Viral gastroenteritis often called the 'gastric flu', is a very common illness in both children and adults. Symptoms of gastric flu include diarrhoea and, often, nausea and even vomiting. Children who come in contact with this virus, especially younger babies, are more at risk of becoming dehydrated so it's imperative to keep a close look for dehydration symptoms.
Diarrhoea caused by the Rotavirus usually affects mostly babies and young kids and can bring on watery diarrhoea. This is generally more prevalent during the winter and early spring months. The rotavirus vaccine can protect children from this illness but needs to be given very early after birth for it to be effective so make sure you inform yourself about all the necessary vaccines.
Diarrhoea can also be caused by some types of bacteria. These bacteria are often responsible for cases of what we refer to as food poisoning, which can cause diarrhoea and vomiting within a few hours after someone is infected.

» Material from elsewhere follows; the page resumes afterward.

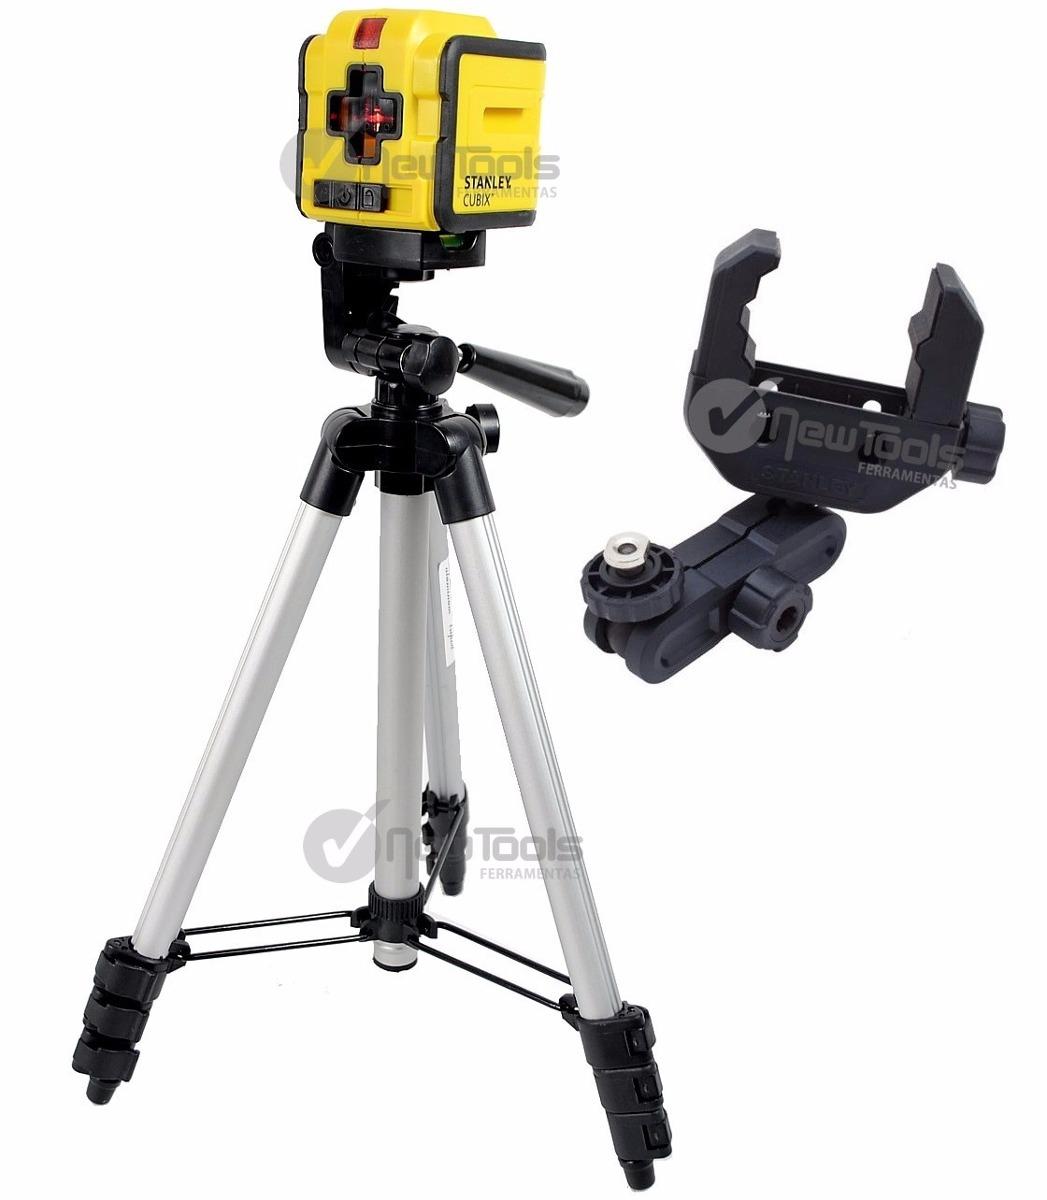 Nivel laser stanley cubix stht77340 tripe 1m - Nivel laser stanley ...

What else can cause diarrhoea?
Kids can sometimes get diarrhoea from:
- A diet high in sugar such as for instance, drinking lots of fruit juice and eating a lot of candy.
- Food allergies
- Lactose intolerance
- Heatstroke/heat exhaustion
Kids often get cramps in their belly first, followed by diarrhoea that can last between 2–5 days. Other symptoms may include:
- Diaper rashes
How is diarrhoea treated?
Viral diarrhoea will generally go away on its own, however, most kids with bacterial diarrhoea need treatment with an antibiotic. Kids who aren't vomiting or becoming dehydrated can continue eating and drinking or breastfeeding as usual. In fact, continuing a regular diet may even shorten the diarrhoea episode.

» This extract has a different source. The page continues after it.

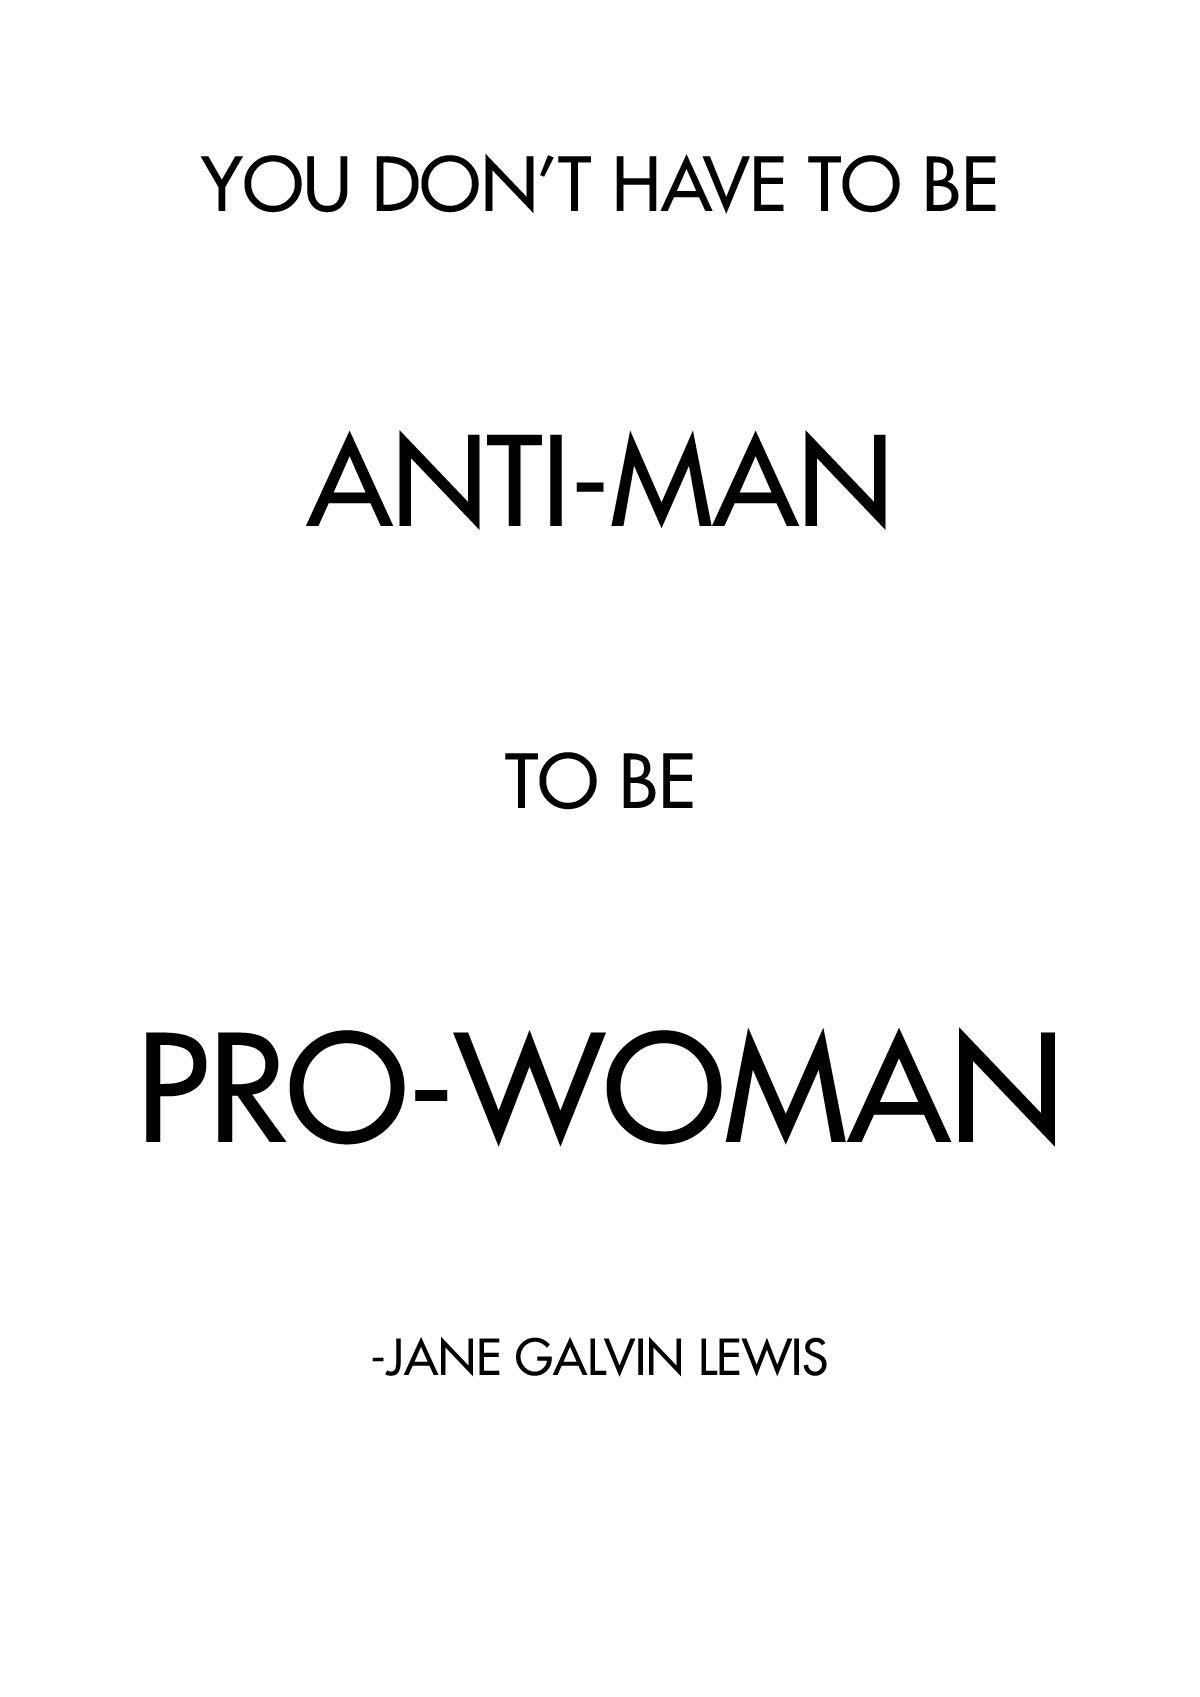 #feminism

Don't give your child an over-the-counter antidiarrheal medicine unless your doctor tells you to do so, however, probiotics and oral rehydration salts are always recommended as they help prevent the child from getting dehydrated, while they rebalance the gut flora. Kids should not be rehydrated with water alone because it doesn't contain the right mix of sodium, potassium and other important minerals and nutrients.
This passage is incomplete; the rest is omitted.